《凤待梧桐栖全集》第61/247页


她的话语如夜风一般冷,幽幽地开口道:“救你不过是还你的救命之恩罢了,莫要误会我于你还有何情意。”

他的心咯噔了一下,却也无太大感触,如今的局面他早已料知,又岂会过于诧异,只是真正面对如此场面,还是不免满心惆怅。他闭了眼,无力地说道:“我也并未报有何种幻想,只是手不听使唤了,还似从前一般,忍不住去……咳咳……”话还未说完,他便不住地咳嗽了起来,夜色迷茫,离他有些距离的她看不清他此刻的神色,只看见他的肩膀因咳嗽而抖动着。末了,一口浓郁的血从口中喷出,染红了他的衣襟和手掌。

汗珠从他的额角滑落,夜色却掩藏了他因痛楚而紧蹙的眉,她起身向泉水步去,用芭蕉叶盛了些清泉,冷冷地递予他,也不说一句话,不带任何感情的目光看着他,让他觉得有些尴尬,只是接过芭蕉叶,低声道一句:“谢谢。”兀自浸湿了衣袖,洗去血污和汗水。

已是夜半,几声蛩音从林中传来,分外清晰,蟋蟀在乱草堆中嬉戏,吱吱喳喳,夜难静。此刻她睡意全无,欲起身散步,却又不知留下他一人在此会否不妥,犹豫间,还是幽叹一声,取了身旁的松子咀嚼起来,既然无事,吃些松子果腹也好。

他看着她一张一合的嘴,不由得笑起来,还能如此看着她,事情尚不算太坏,欣喜间,他觉得连迷茫的夜色也变得喜人,好似有月光相伴。

见他如此看着自己,她有些不自在,将裹着芭蕉叶的松子向他推了推,合着松子含糊不清道:“你若是饿了,自便既可,无需拘束,我也无闲暇顾及你。”她将界线划清,不愿与他为了些琐事而有多余的接触。

他笑而不语,执起一颗松子,缓缓放入口中,咀嚼间阵阵甘甜从舌尖传来,一直向心底蔓延。还想再尝一颗,却因为失血过多,连咀嚼都变得费力了,一颗松子下肚,嘴已觉得疲乏,让他只能止于此。

如此的沉默,令窄小的石林充满了暧昧的气息,不知何处来的萤光,映照在她细长的睫毛上,闪着动人的光辉,让他看得一阵怔忡,只是静静地望着她,望着她蠕动的嘴,望着她载光的睫,望着她飘飞的发,望着这个不知曾几何时已爱上的女子,这一切都令他蓦然心动,却又不能言语,只得合着清冷的夜色藏于心底。

她不自然地嚼着松子,其实并不饿,只是不知在这种尴尬的情况下当做些什么好,长夜漫漫,她气恼地希望时间过得快些,亦或是来些睡意,这样她便无需烦忧了。

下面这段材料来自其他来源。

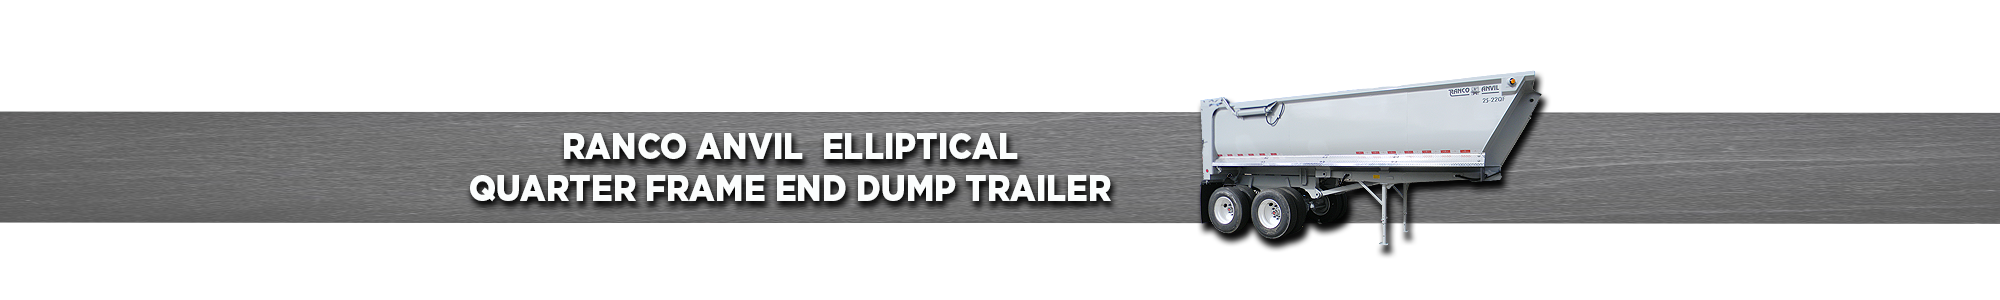 RANCO Anvil Elliptical Quarter Frame End Dump Trailer
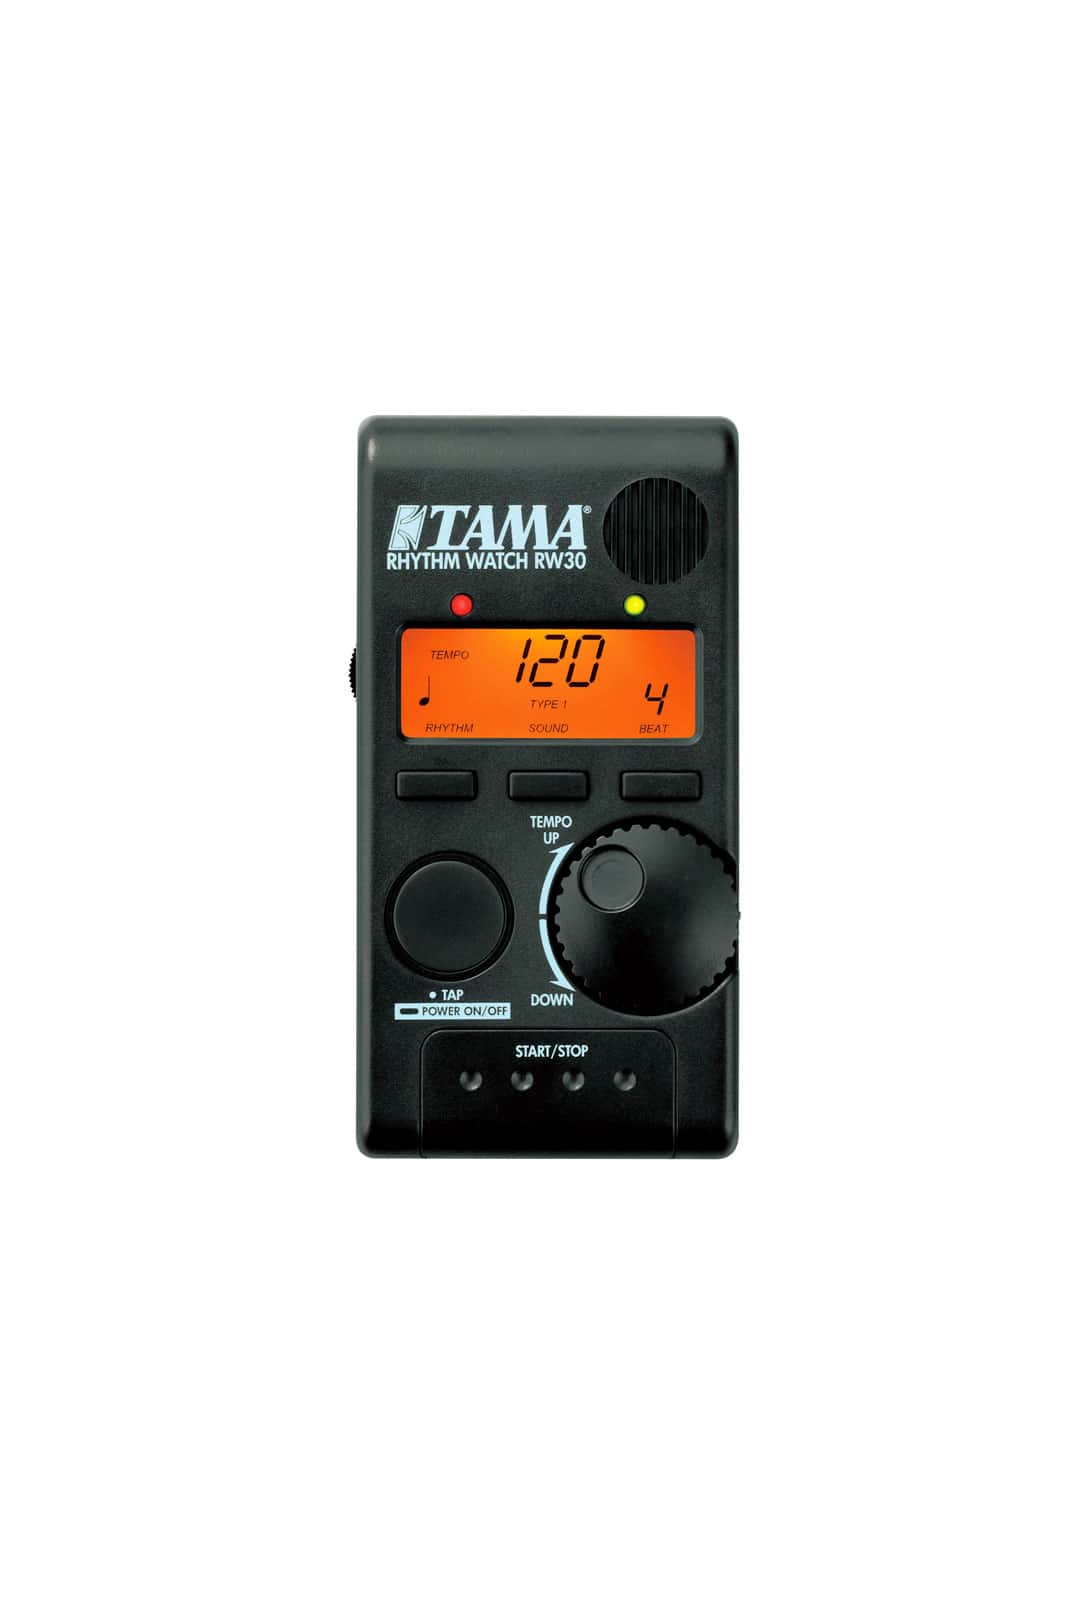 Tama Rw30 Rhythm Watch Programmable

他却满心平静,期盼着这样的夜晚不要过得太快,好让他有时间细细地看她,他自知这样的时日不多了,一旦他的伤势好起来,她便会毫不犹豫地舍他而去,以前的他不了解她,而再了解她之后,已经清醒地认识到她的心计和薄情,纵然她还是有些善良的,却不会在与己方利益发生冲突时手软,更何况他是她的敌人啊!一想至此,他的心头便有些惆怅萦绕,久久不去。

她满心的尴尬,若是加上前世活的那二十五年,她已算是一个中年女人了,可是在这四十年中,她从未遇到过情景,一时间竟不知所措起来,一如她现在的模样――一个年且十六的少女。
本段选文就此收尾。